The parsification step applies applies a function to sparsify the embedding vectors. Three options are available: None, relu, and relu_log. Setting sparsification to None will leave the contextualized embeddings as is. The relu and relu_log options apply a ReLU activation function (and then a logarithm) to set all entries below 0 to 0. This is useful for learned sparse models such as SPLADE.

Pooling

The pooling step aggregates the embedding vectors for every token into a single embedding vector. Five options are available: None, first, mean, max, and sum. Setting pooling to None will not apply pooling and keep all the embedding vectors of all tokens. This option should be used for multi-vector models such als ColBERT. When setting pooling to first the model uses the first token’s contextualized embedding vector as the aggregated embedding (for models with a BERT-backbone this corresponds to [CLS] pooling). The mean, max, and sum options aggregate an embedding vector over all tokens’ embedding vectors using the respective operator.

Normalization

Normalization normalizes the embedding vector(s). It can be either True or False.

Scoring

After embedding both the query and document embeddings, the model computes a relevance score using a scoring function. First, the similarity (either dot product or cosine) between all query and document embeddings vectors is computed. If pooling was applied, the query and document embeddings consist only of a single vector and their similarity is the final relevance score. If no pooling is applied, the similarity scores are aggregated.

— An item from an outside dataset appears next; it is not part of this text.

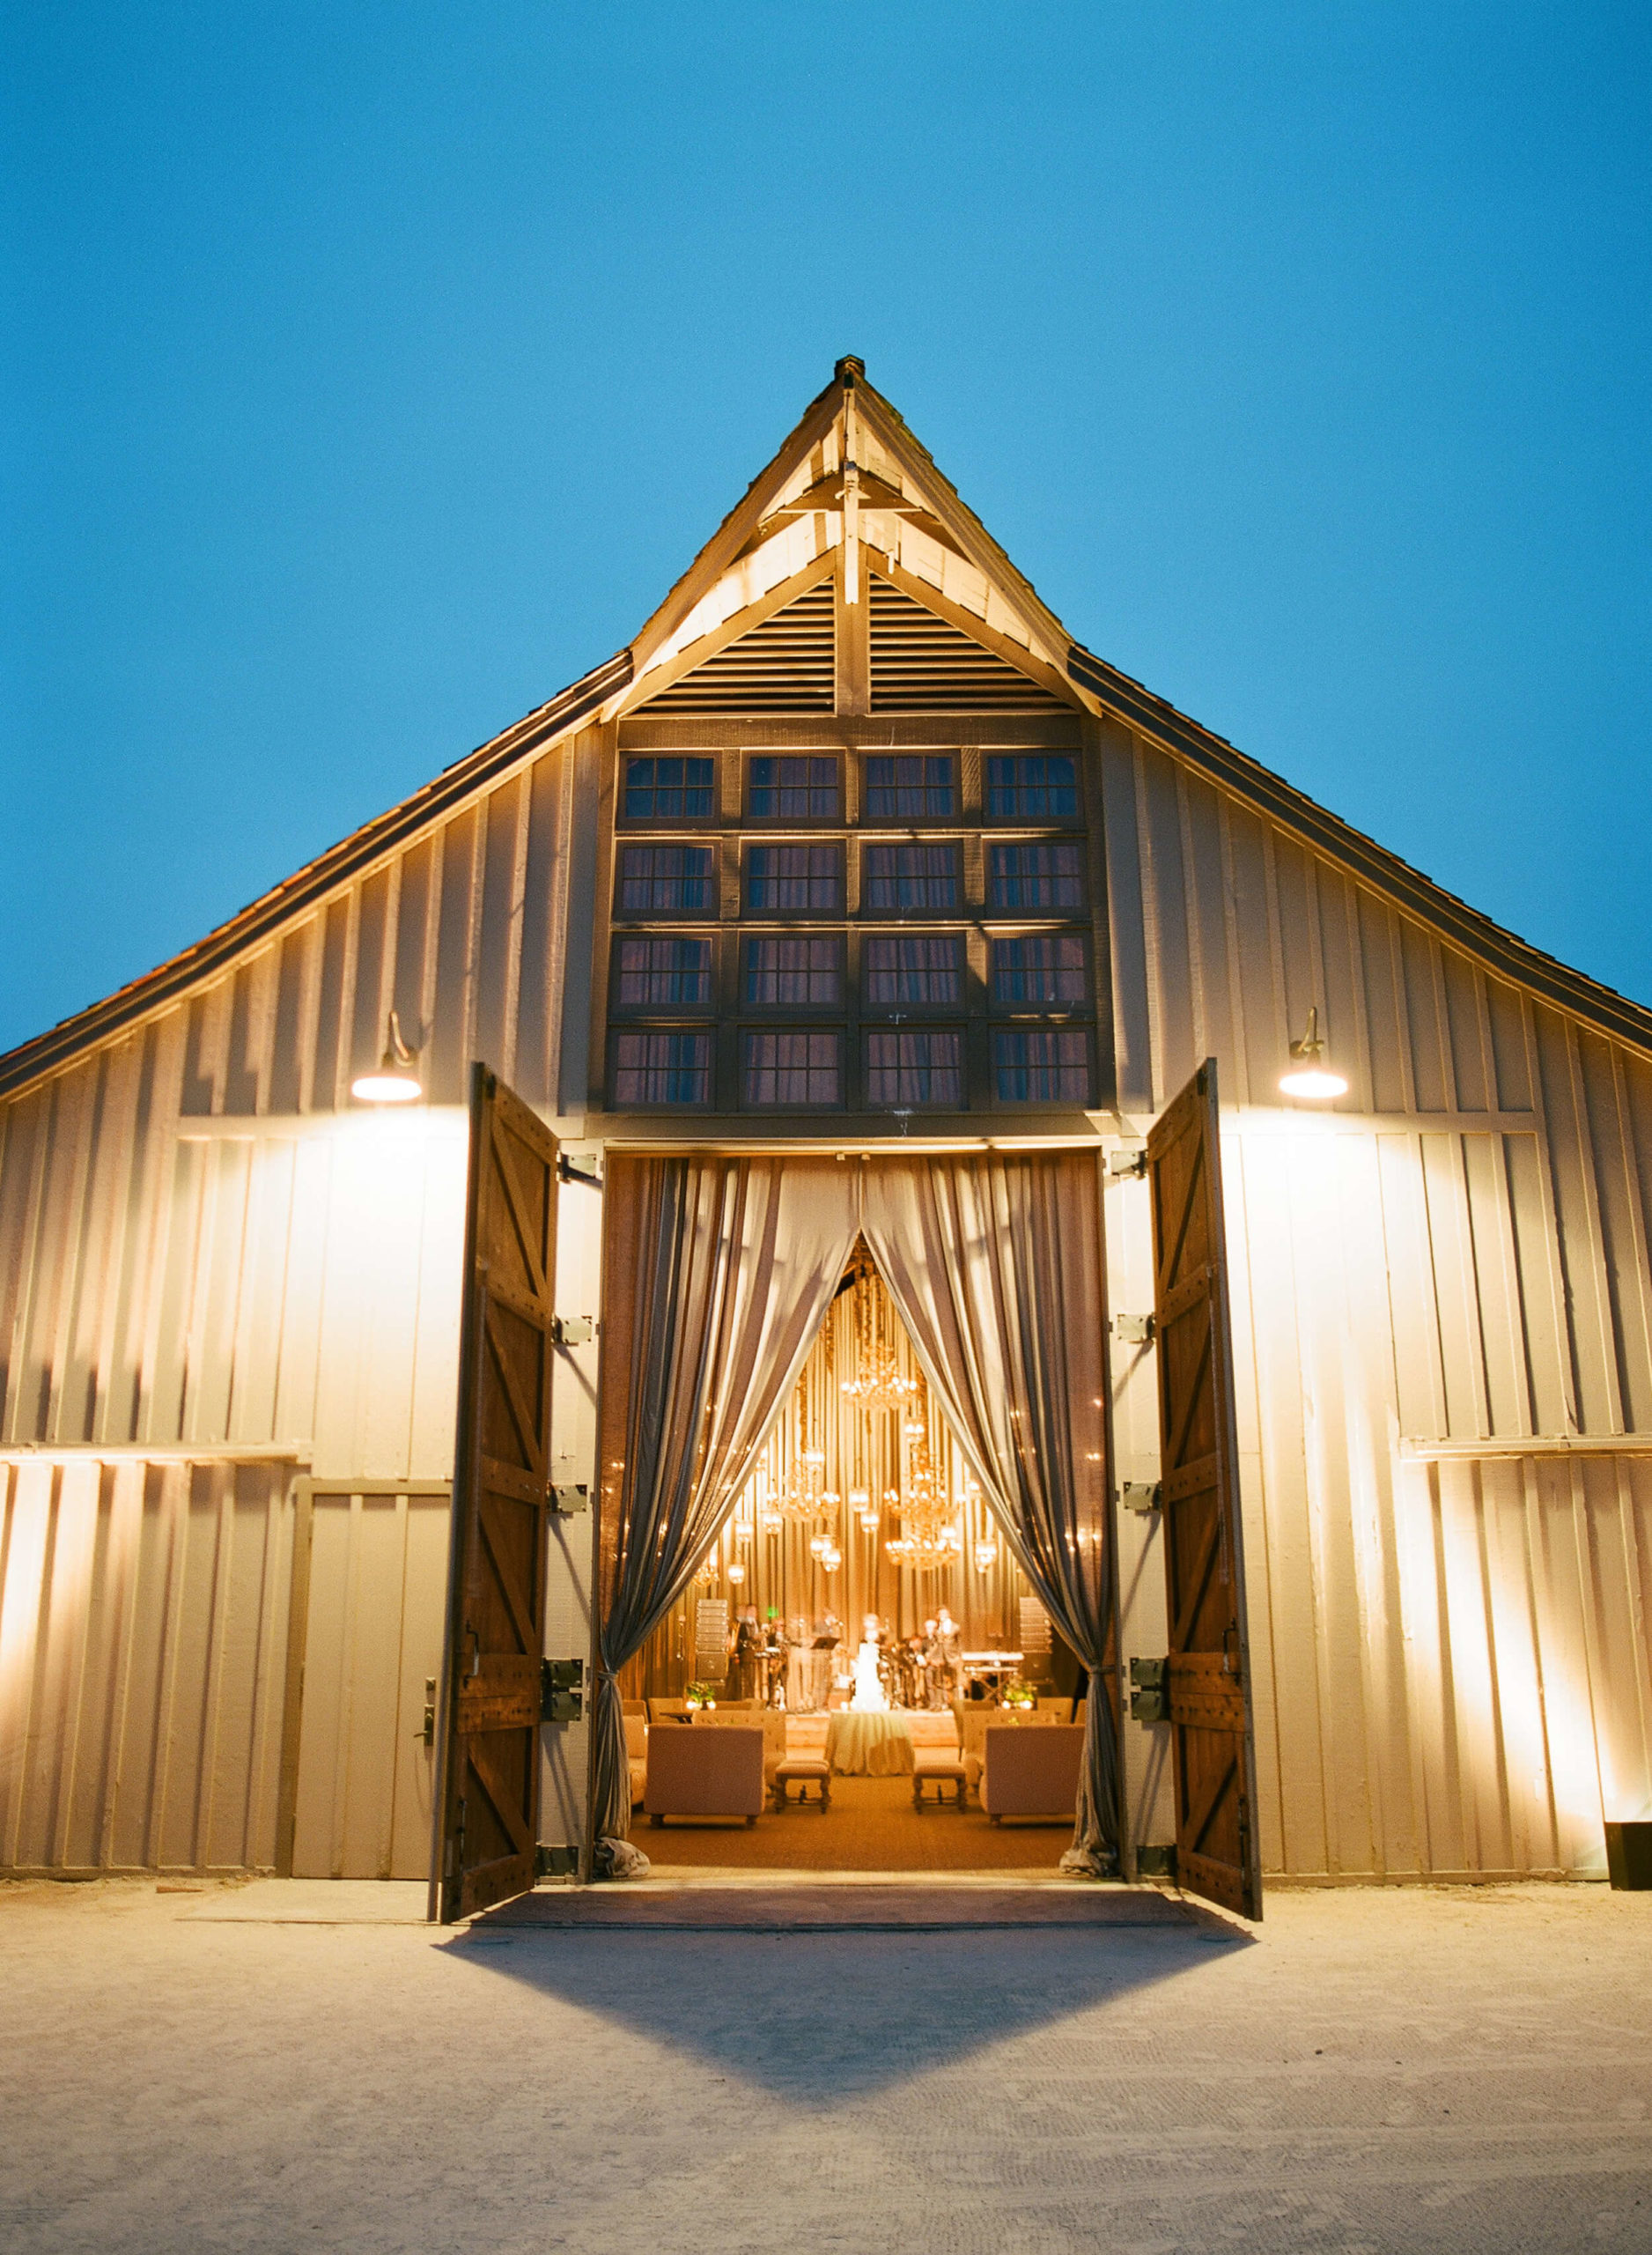 wedding reception barn

First, the scoring function computes the maximum similarity over all document embedding vectors per query embedding vector. Finally, the operator to aggregate over the maximum similarities per query embedding vector is parameterizable in the query_aggregation_function option. Four options are available: sum, mean, max, and harmonic_mean.

Cross-Encoder

The CrossEncoderConfig specifies how the model further processes the contextualized embeddings of the backbone encoder model to compute a similarity score. A cross-encoder receives both the query and document as input. To compute a relevance score, the model first aggregates the joint contextualized embeddings using a pooling function. Four options are available: first, mean, max, and sum. When setting pooling to first the model uses the first token’s contextualized embedding vector as the aggregated embedding (for models with a BERT-backbone this corresponds to [CLS] pooling). The mean, max, and sum options aggregate an embedding vector over all tokens’ embedding vectors using the respective operator. The model computes the finla relevance score by applying a linear layer to the pooled contextualized embedding vector.